I speak of Iraq, not because everybody is talking about it, but
because it is a sign of things to come. Iraq marks the beginning of
a new cycle. It offers us an opportunity to watch the
corporate-military cabal that has come to be known as "empire" at
work. In the new Iraq, the gloves are off.
As the battle to control the world's resources intensifies,
economic colonialism through formal military aggression is staging
a comeback. Iraq is the logical culmination of the process of
corporate globalisation in which neo-colonialism and neo-liberalism
have fused. If we can find it in ourselves to peep behind the
curtain of blood, we would glimpse the pitiless transactions taking
place backstage.
Invaded and occupied Iraq has been made to pay out $US200
million ($270 million) in "reparations" for lost profits to
corporations such as Halliburton, Shell, Mobil, Nestle, Pepsi,
Kentucky Fried Chicken and Toys R Us. That's apart from its $US125
billion sovereign debt forcing it to turn to the IMF, waiting in
the wings like the angel of death, with its structural adjustment
program. (Though in Iraq there don't seem to be many structures
left to adjust.)
So what does peace mean in this savage, corporatised,
militarised world? What does peace mean to people in occupied Iraq,
Palestine, Kashmir, Tibet and Chechnya? Or to the Aboriginal people
of Australia? Or the Kurds in Turkey? Or the Dalits and Adivasis of
India? What does peace mean to non-Muslims in Islamic countries, or
to women in Iran, Saudi Arabia and Afghanistan? What does it mean
to the millions who are being uprooted from their lands by dams and
development projects? What does peace mean to the poor who are
being actively robbed of their resources? For them, peace is
war.
We know very well who benefits from war in the age of empire.

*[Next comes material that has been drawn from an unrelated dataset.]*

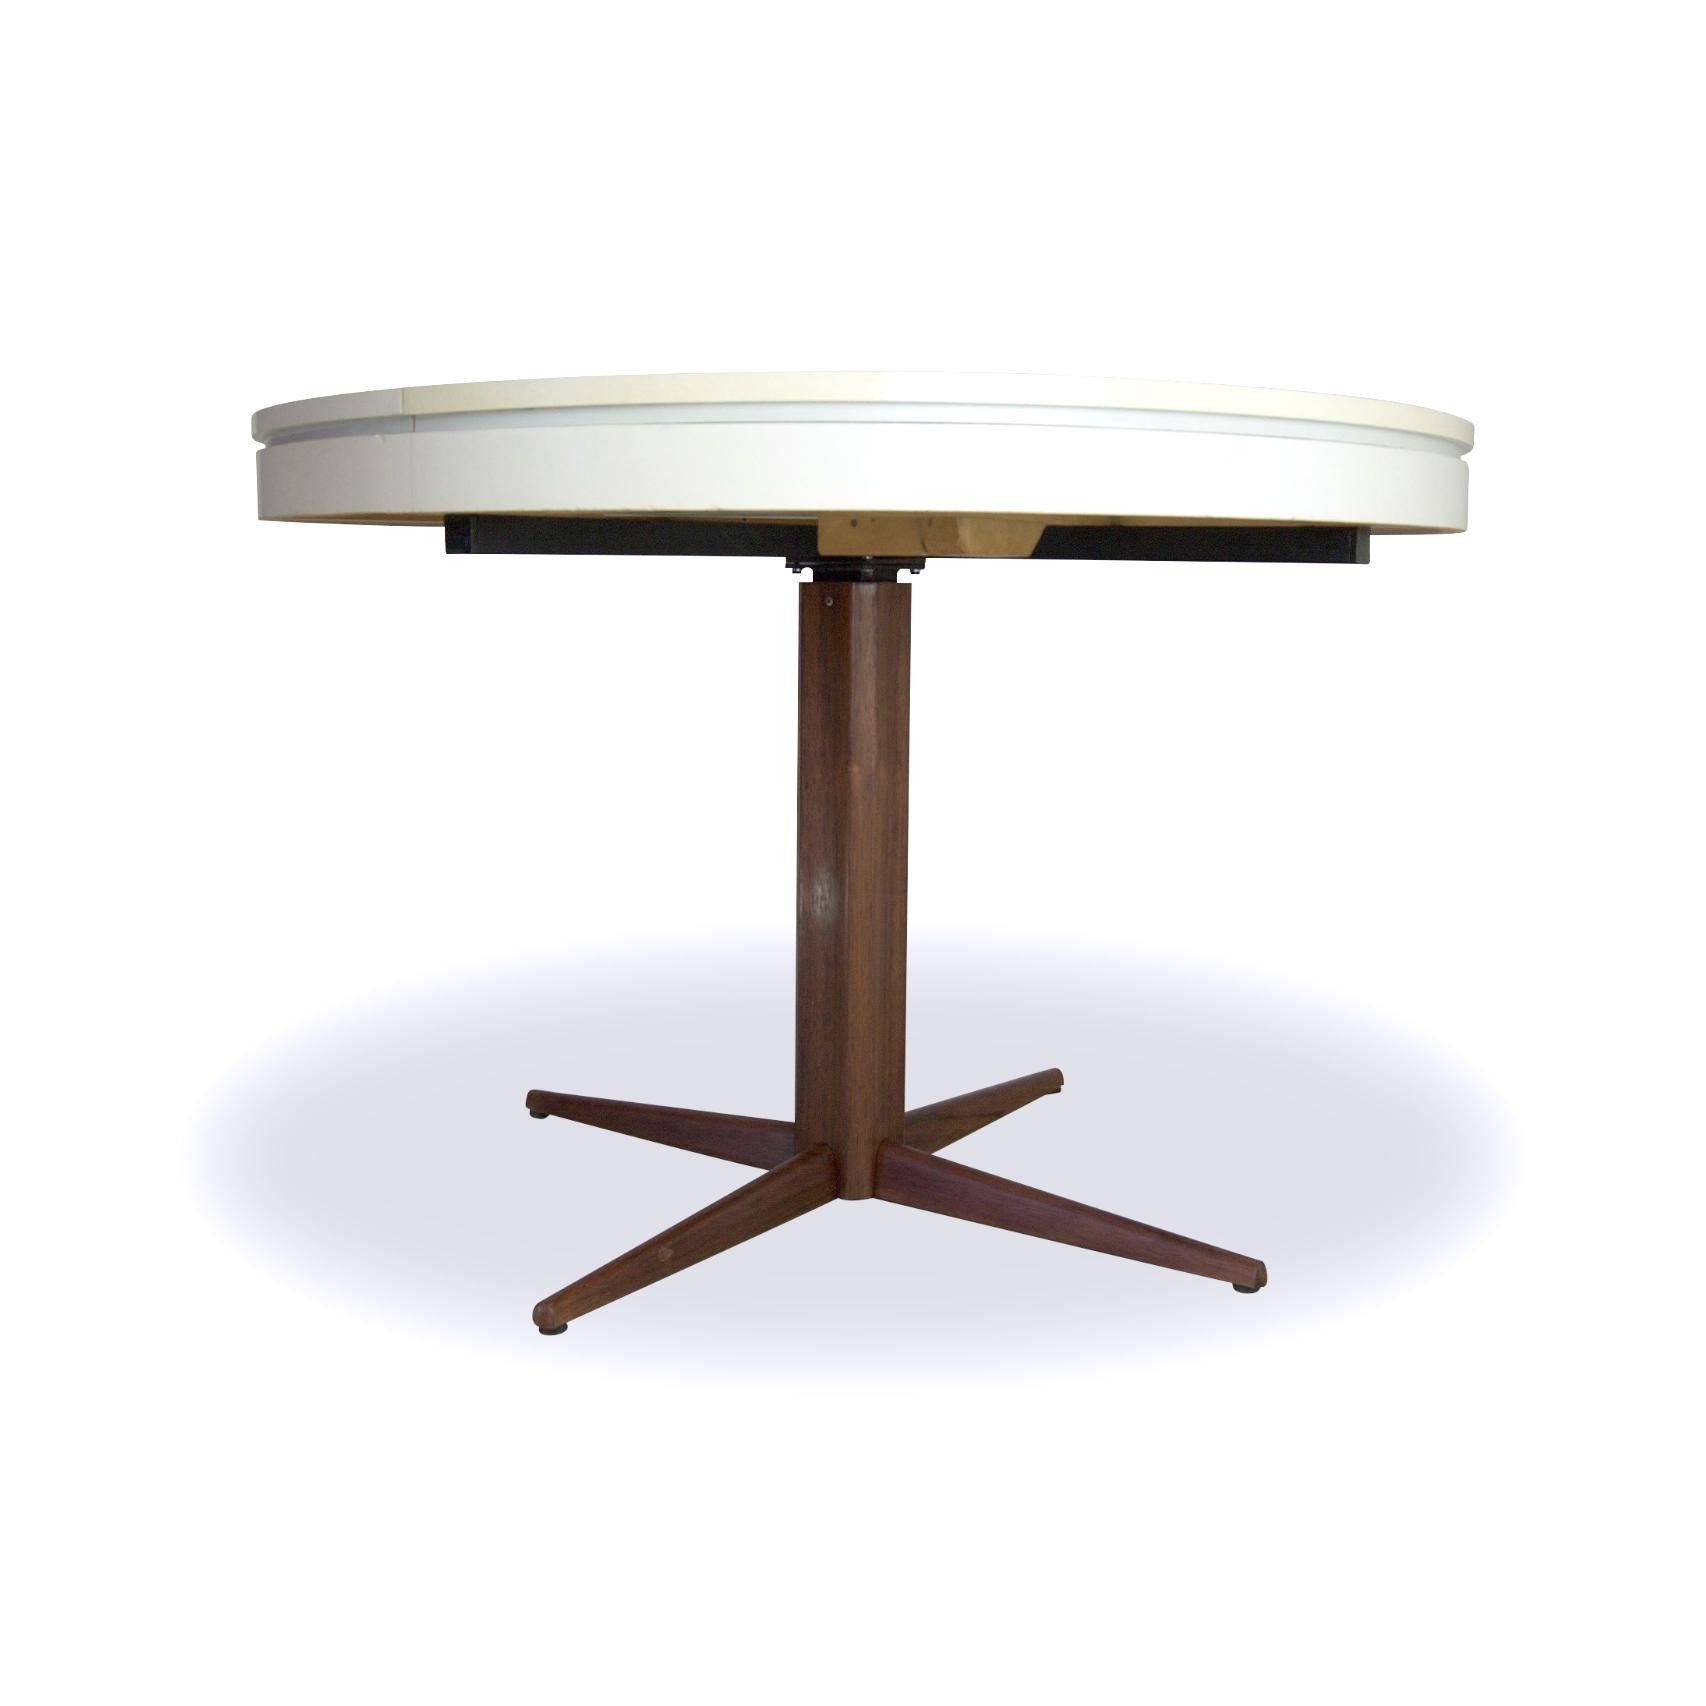 Woonkamer tafel rond salontafels woonkamer salontafel sets witte
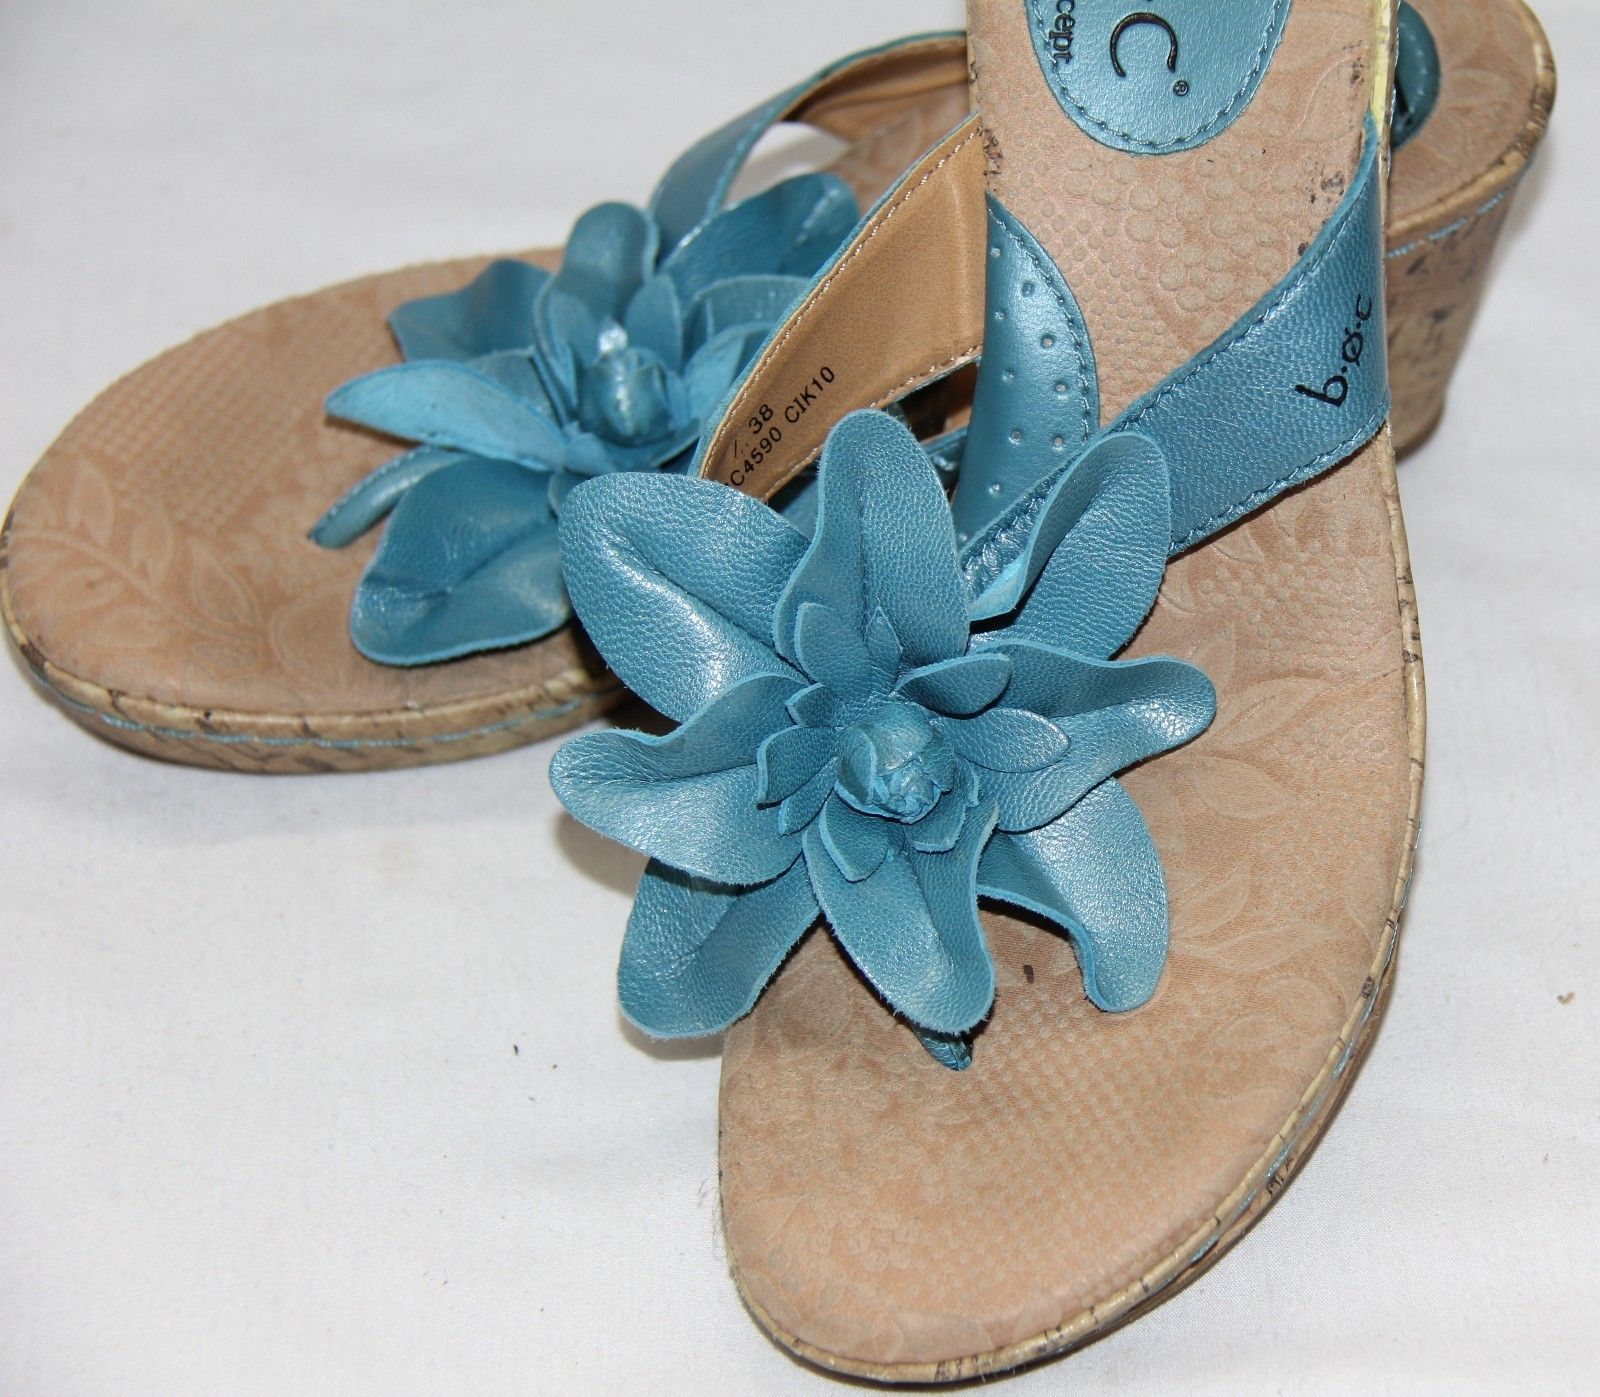 8c0e91e0d27b BOC Born Concept Turquoise Womens Thong Sandals 7 Flower Wedge Heels

But we must also ask ourselves honestly who benefits from peace in
the age of empire? War mongering is criminal. But talking of peace
without talking of justice could easily become advocacy for a kind
of capitulation. And talking of justice without unmasking the
institutions and the systems that perpetrate injustice is beyond
hypocritical.
It's easy to blame the poor for being poor. It's easy to believe
that the world is being caught up in an escalating spiral of
terrorism and war. That's what allows George Bush to say, "You're
either with us or with the terrorists." But that's a spurious
choice. Terrorism is only the privatisation of war. Terrorists are
the free marketeers of war. They believe that the legitimate use of
violence is not the sole prerogative of the state.
It is mendacious to make moral distinction between the
unspeakable brutality of terrorism and the indiscriminate carnage
of war and occupation. Both kinds of violence are unacceptable. We
cannot support one and condemn the other.